Missing: Sneha, Haarfarbe braun

Nach den Terroranschlägen werden noch mehr als 5.000 Opfer unter den Trümmern des World Trade Centers vermutet. Verwandte, Kollegen, Freunde

aus New York DAVID SCHRAVEN

Das gelbe Shirt der DBoon All-Stars packe ich zum Schluss in die Tasche. Es ist das Trikot meines Fußballteams. Mark Fason hat mich angerufen, unser Kapitän. „Kannst du heute Abend spielen?“ Ich kann. Es ist das erste Mal seit zwei Wochen. Das erste Mal, seit die beiden Verkehrsflugzeuge ins World Trade Center stürzten. Fußball beruhigt. Auf dem Platz fühle ich mich sicher. Ich denke nicht, ich renne. Und ich mag es, mit den Kollegen danach ein Bier zu trinken. Mark hat gesagt, unser Stürmer ist tot. Er hat in den Twin Towers gearbeitet. Er hieß David – wie ich.

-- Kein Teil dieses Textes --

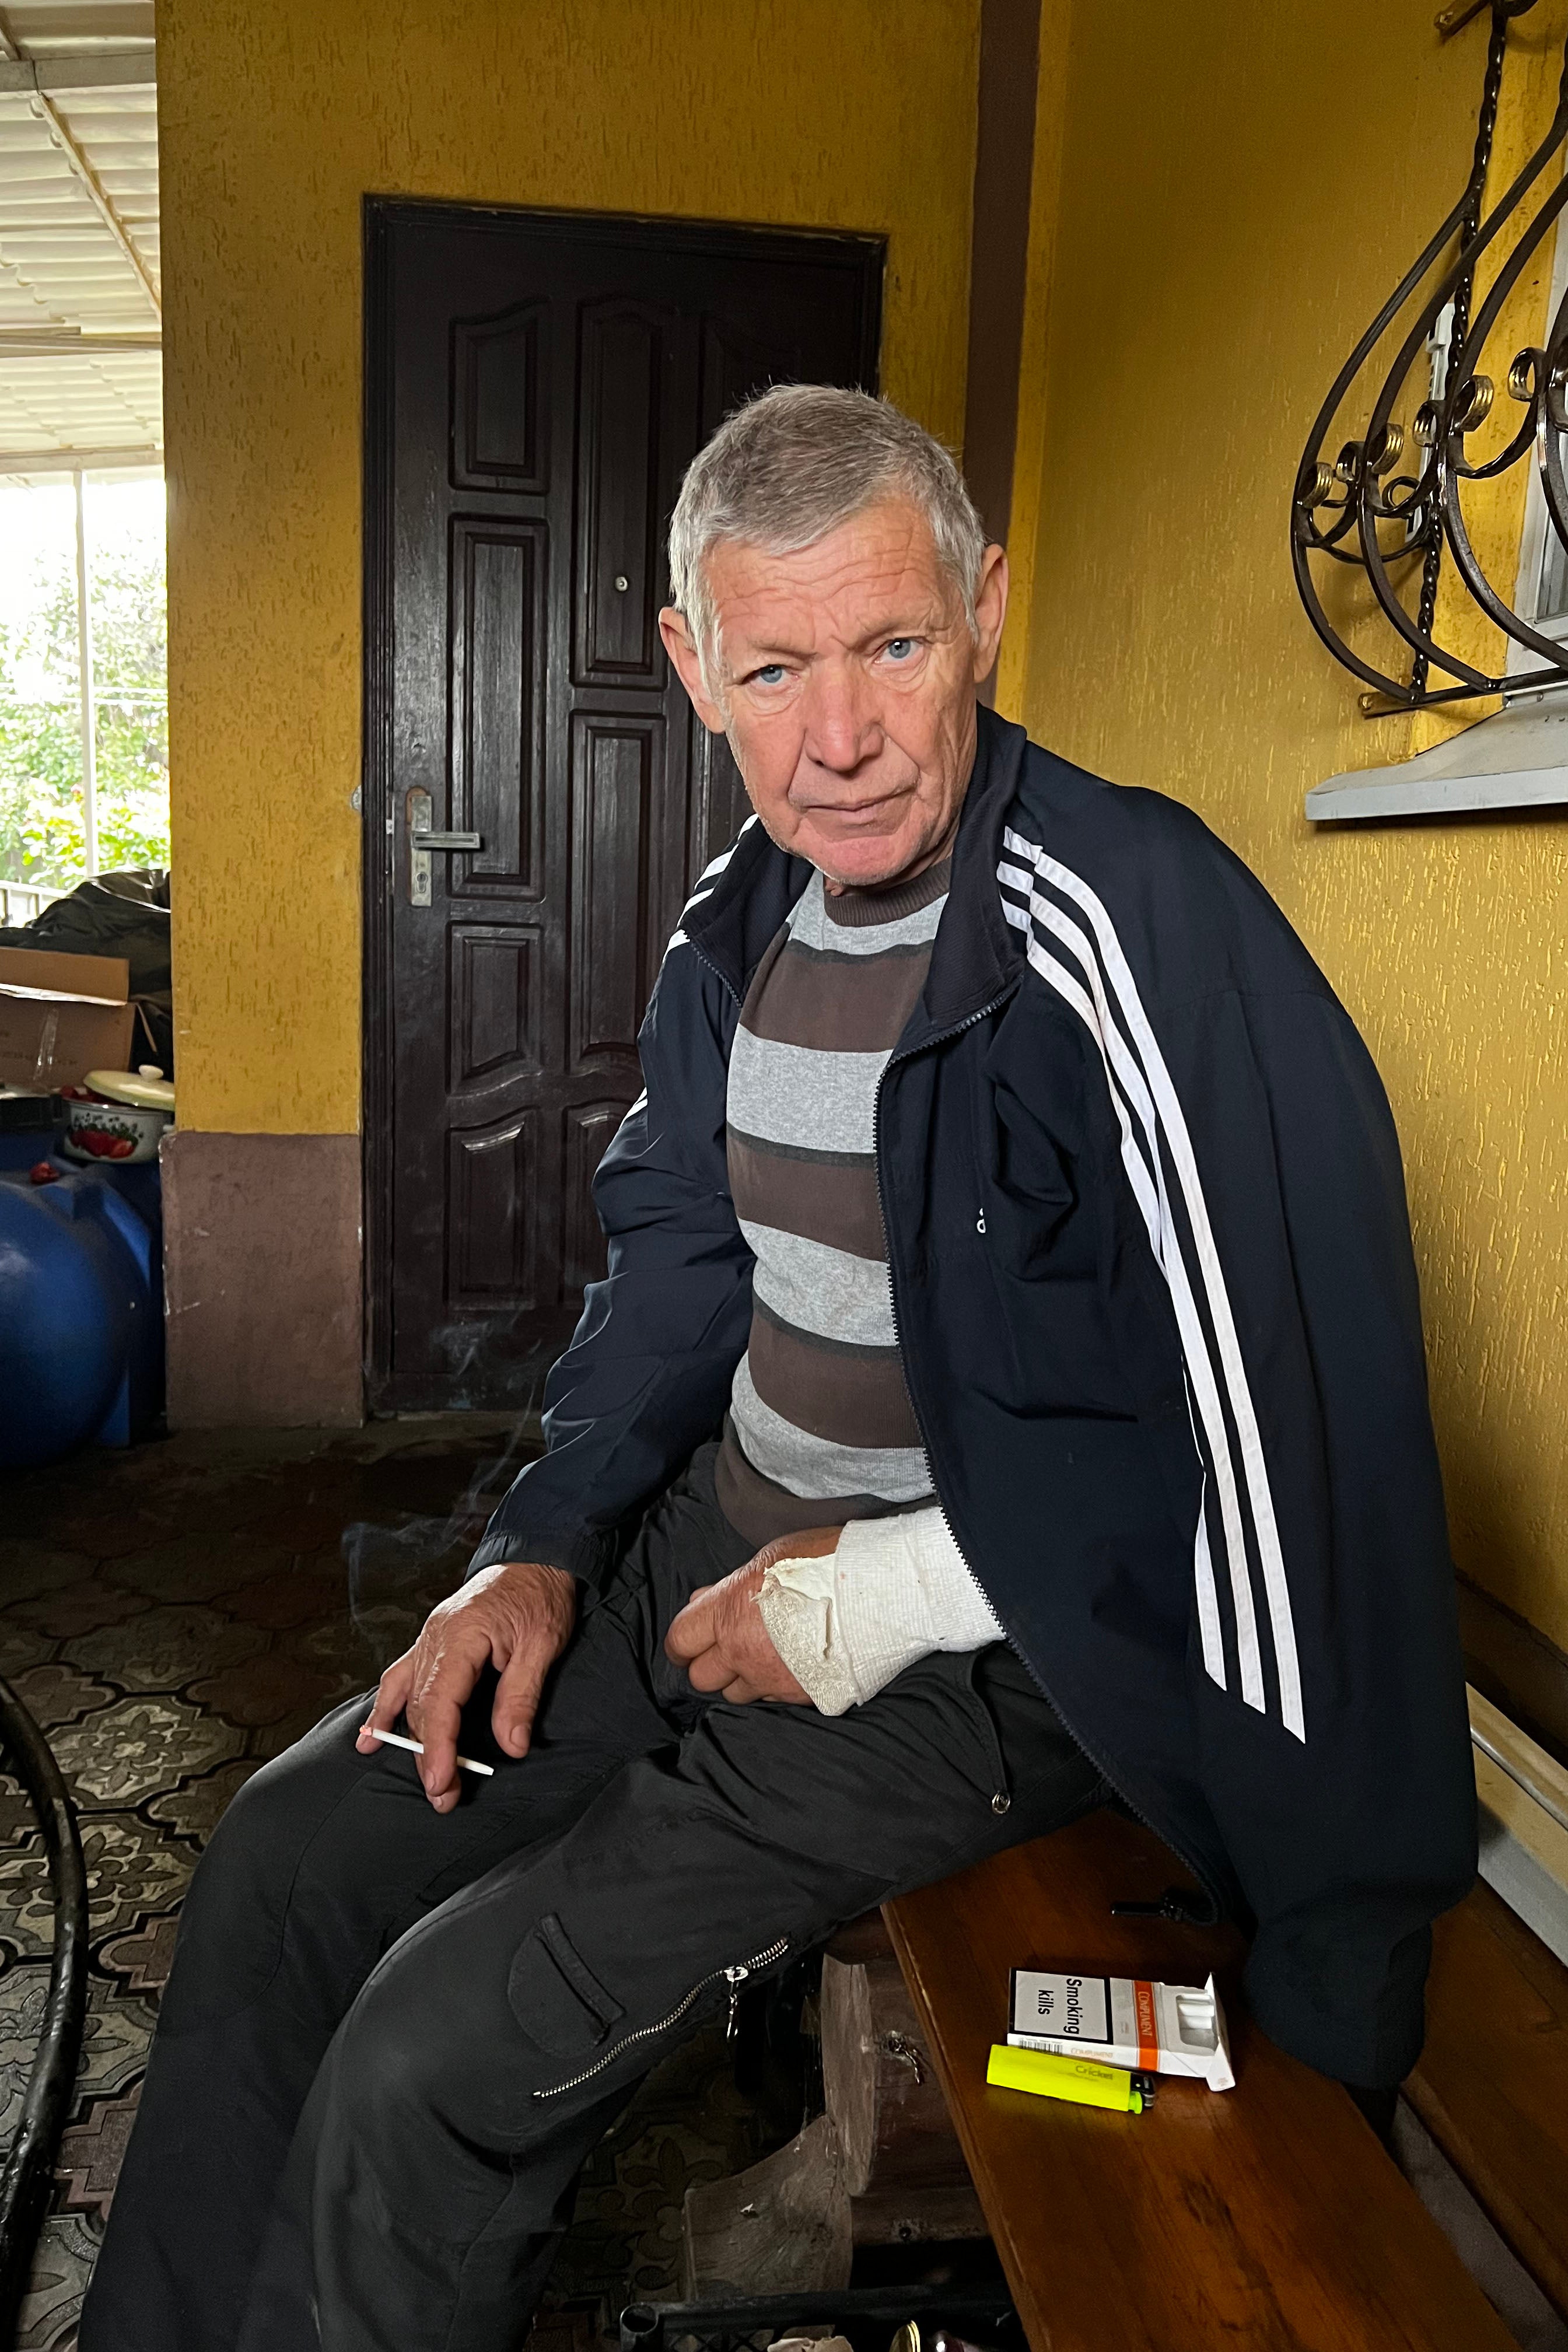 Mykhailo Ivanovych, 67 ans, a été détenu pendant 12 jours à la fin du mois d’août 2022, à Izioum, en Ukraine. Un soldat russe lui a cassé le bras gauche en le frappant violemment avec un tuyau en plastique, selon le témoignage de Mykhailo Ivanovych. Photo prise le 23 septembre 2022.

Gestern war ich am „Ground Zero“. So nennen sie den Ort der Katastrophe. In dichten Stößen steigt Rauch aus einer Spalte. Ob es noch irgendwo brennt? Ein Feuerwehrmann nickt: „Was immer es ist, es stinkt wie eine schmelzende Pariser-Fabrik.“

Ich bin die ganze Woche unterwegs gewesen. Ein paar Hush-Puppy-Schuhe hab ich in der City kaputtgelaufen. Denn mein Fahrrad steht bei einer Bekannten in Brooklyn. Meine Haut ist seltsam gerötet, ich kann nur schwer durch die Nase atmen. Ich versuche sie freizuniesen. Meine Mitbewohnerin sagt, das komme vom Trümmerdreck in Manhattan. Ich hatte keine Staubmaske auf. In der Stadt sehe ich viele Menschen, die sich immer wieder an die Nase greifen.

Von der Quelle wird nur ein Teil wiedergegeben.